Dr. Andrzej Araszkiewicz from the Institute of Geospatial Engineering and Geodesy at the Faculty of Civil Engineering and Geodesy at the Military University of Technology says that since 1996 Polish reference stations have been recording the signal received from Global Navigation Satellite Systems (GNSS), popular GPS and later also from other constellations. 

This signal, properly processed, is converted into the positions of these stations.

He said: “This operation is similar to navigation in a phone or a car, but the process itself is much more complicated and therefore more accurate. We determine the position of each station every day with an accuracy of 1-3 mm.’

Based on many years of changes in the point location, researchers determine their average strain rates. Then they examine the mutual relations between the movements of individual stations.

Dr. Araszkiewicz said: “If the two stations are very slowly approaching each other, in an ideal scenario we can say that there has been a terrain deformation. This way, we study the nature of the rate of deformation.”

He added that the measurement concerns the movement of the antenna on the building. Scientists interpret this movement geodynamically and ultimately analyse the entire area to determine the strain rate across the country.


Most of the calculations such as those described in the paper are carried out in areas near the boundaries of tectonic plates, where their interactions are visible on the Earth's surface. The seismic hazards are much greater in those areas; in Europe, such areas include Greece and Italy.
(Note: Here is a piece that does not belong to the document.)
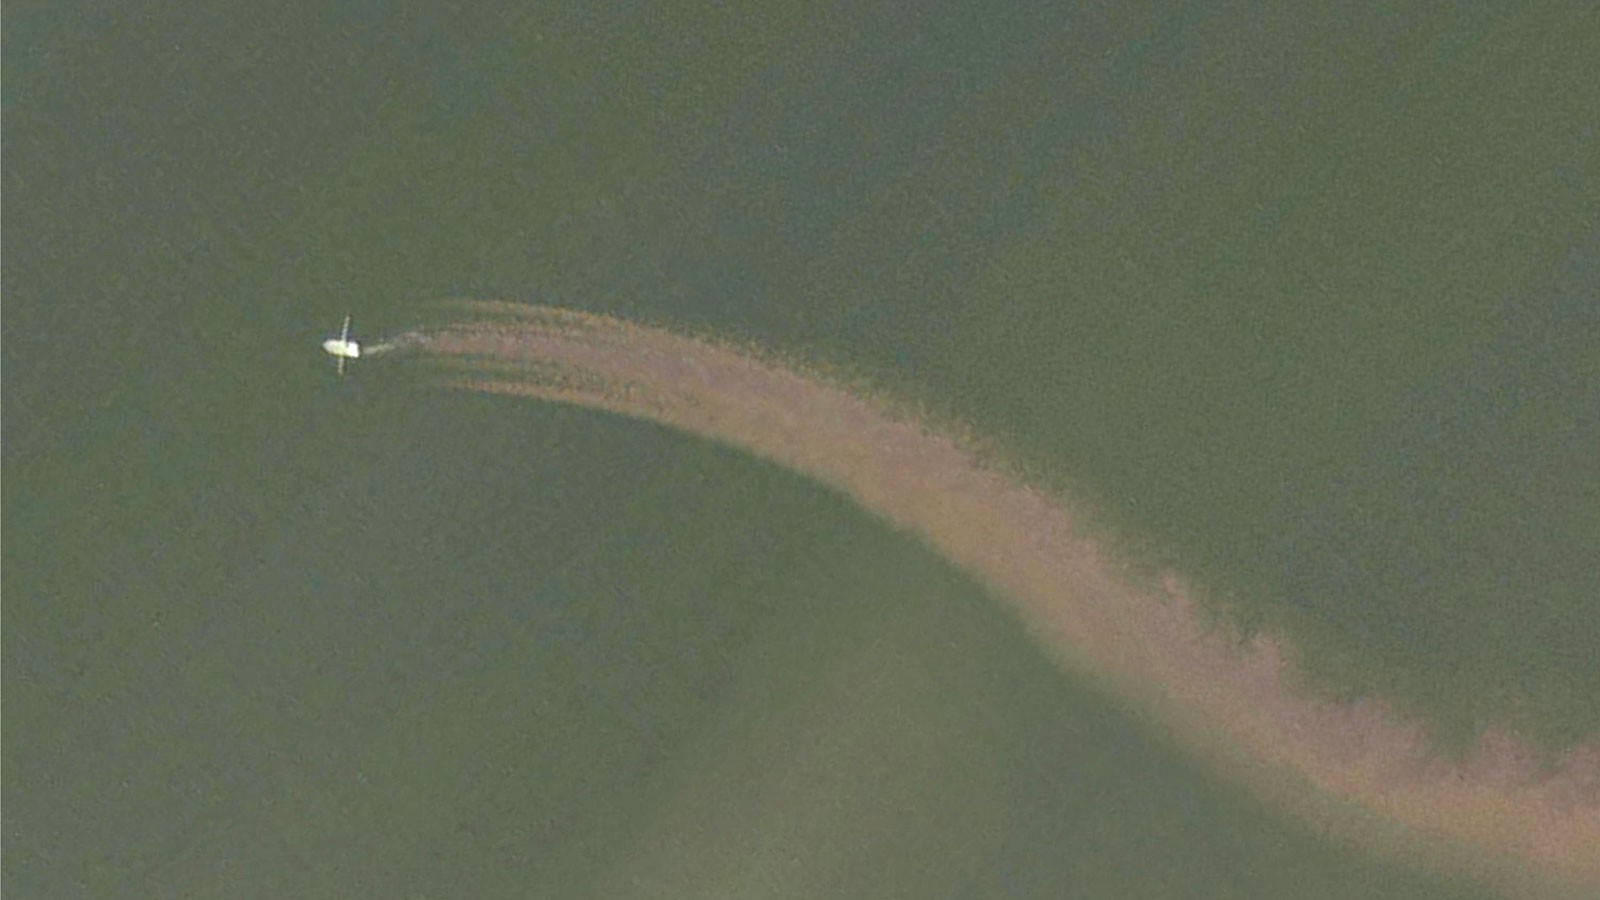 A satellite image showing a twin-rigged shrimp trawler in the northern Gulf of Mexico raising a plume of sediment off the seafloor.
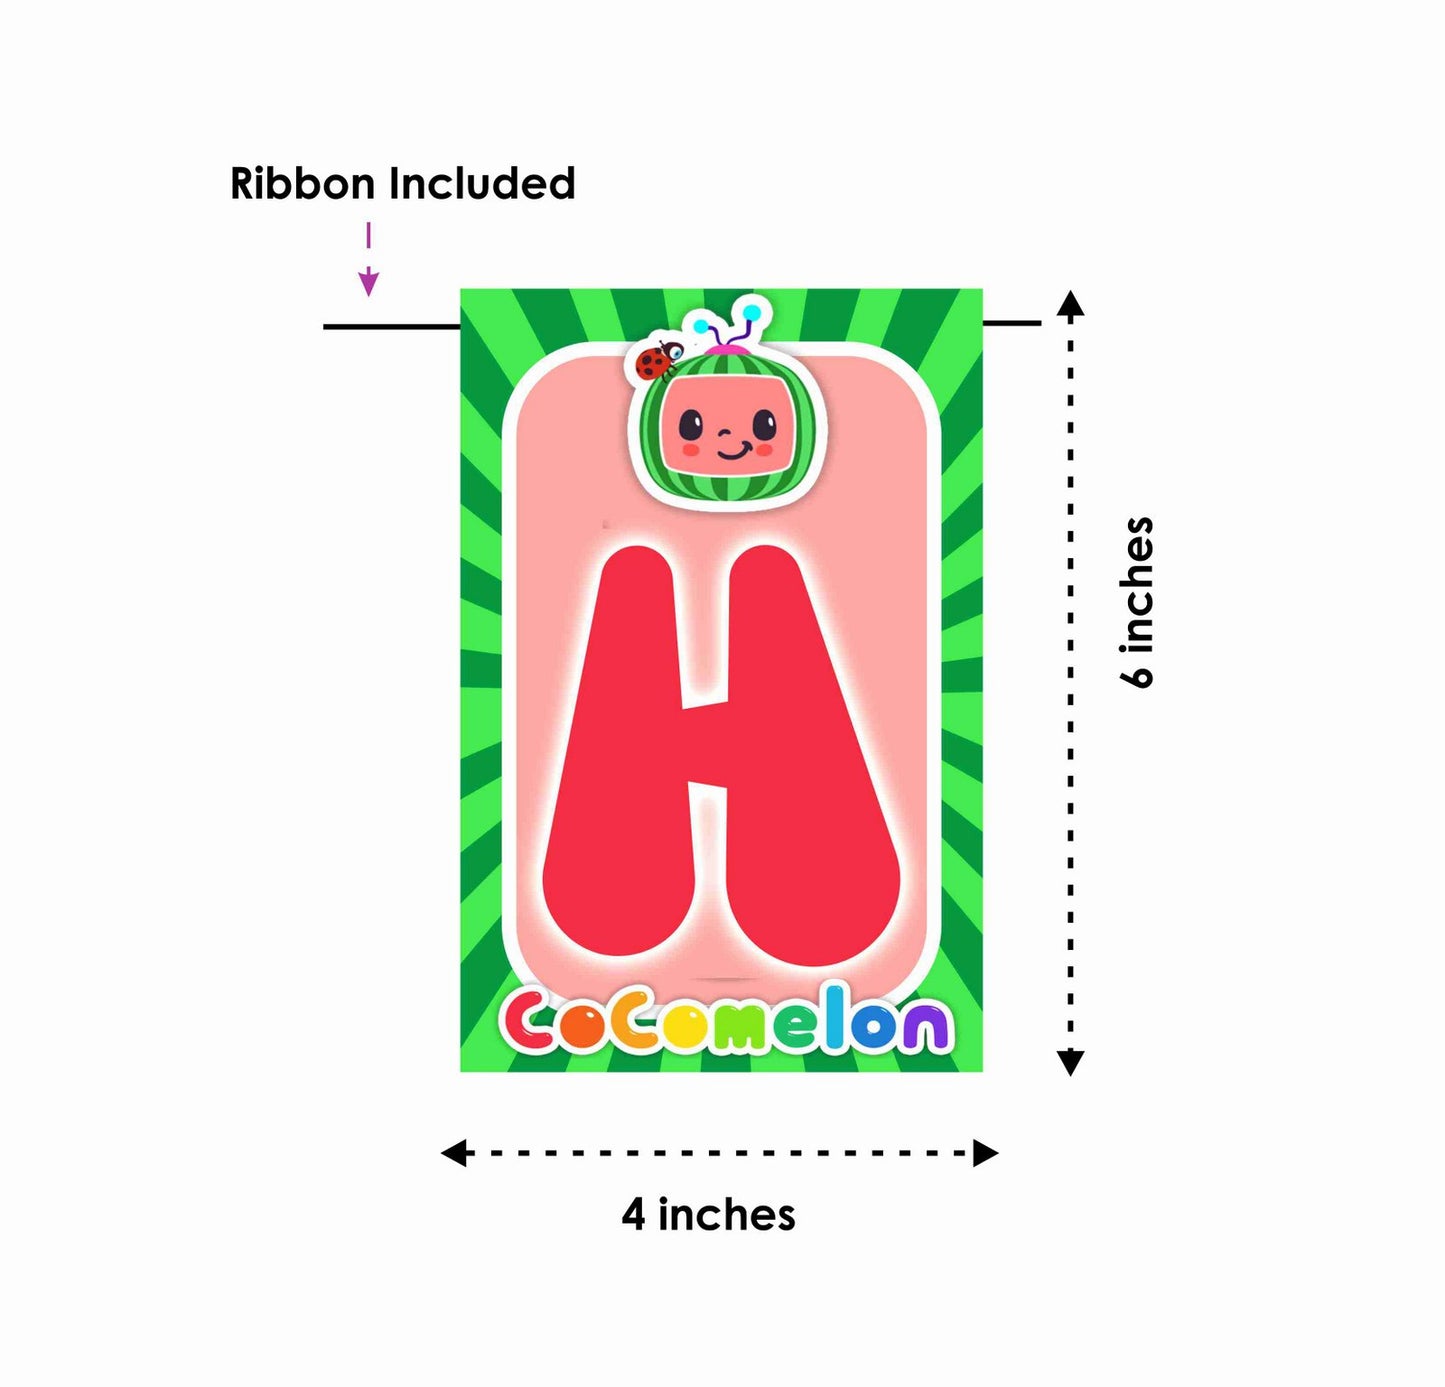 Cocomelon Theme Happy Birthday Decoration Hanging and Banner for Photo Shoot Backdrop and Theme Party

Where did the idea to use the observations of areas in Poland come from?

Araszkiewicz said: “We decided to check whether the GPS measurements in tectonically stable regions were consistent with the geological data. Of course, the data interpretation has to be careful. In Poland, a 100-kilometer section changes by only about half a millimetre per year! This, of course, does not apply to areas where seismicity is caused by human activity. Deformations in those areas are much larger and we have been able to measure them successfully for many years.”

The biggest challenge is the accuracy and order of magnitude of the strain rate that can be expected in Poland. The strain rate determined by surveyors does not directly translate into spectacular phenomena on the Earth's surface. However, knowledge of the directions of these deformations allows to identify the areas where stresses accumulate in the Earth's crust. On the other hand, GPS observations confirm that the territory of Poland is influenced by the pressure of the African plate on the Eurasian plate.


The reliability of the deformations determined based on GPS observations is already at the same level as the expected deformation values. Scientists focused on northern Poland, comprised of fragments of the Precambrian East European Craton. It is the most stable geological unit not only in Poland, but also in Europe. In research, it is usually considered a stable reference. Meanwhile, the geologists from the Military University of Technology and the Polish Geological Institute focused on this area.

Araszkiewicz continued that pursuing measurement accuracy presented a number of challenges 

He said: “There are questions. Is the ground moving or is it the building? Is the ground movement a local shift of sedimentary layers, or is it a result of deformation of the entire geological structure? That is why it is important to correctly interpret the results of GPS measurements.”

The experts prepared a map of deformations for the entire territory of Poland, the image of which was very consistent with the general knowledge of stress distribution in Poland.

“Geologists measure the stresses in the earth's crust, we can give them information about the deformation on the surface, i.e. the effect of the forces under the surface,” said Dr. Araszkiewicz, who analysed the changes in the positions of the stations and took care of the proper filtration of measurements. Consequently, it was possible to exclude from further interpretation those station movements that did not represent actual tectonic movements. In the next step, the scientist calculated the rate of deformation, which the scientists from the Polish Geological Institute compared with the geological data.

The paper ’Contemporary state of stress in a stable plate interior (northern Poland): The integration of satellite geodesy, borehole and seismological data' was co-authored with Dr. Marek Jarosiński, Kinga Bobek and Dr. Tomasz Gogołek from the Polish Geological Institute.

The performance of the tasks was thanks to the GNSS Data Research Infrastructure Centre, co-financed by the ERDF. Researchers at the Faculty of Civil Engineering and Geodesy collect observations from the distributed GNSS infrastructure in Poland, process them and determine the stations' locations

It is also one of the 16 European GNSS Analysis Centres that maintains the reference system in Europe, implemented in 44 countries (in Poland, it is also handled by the Warsaw University of Technology).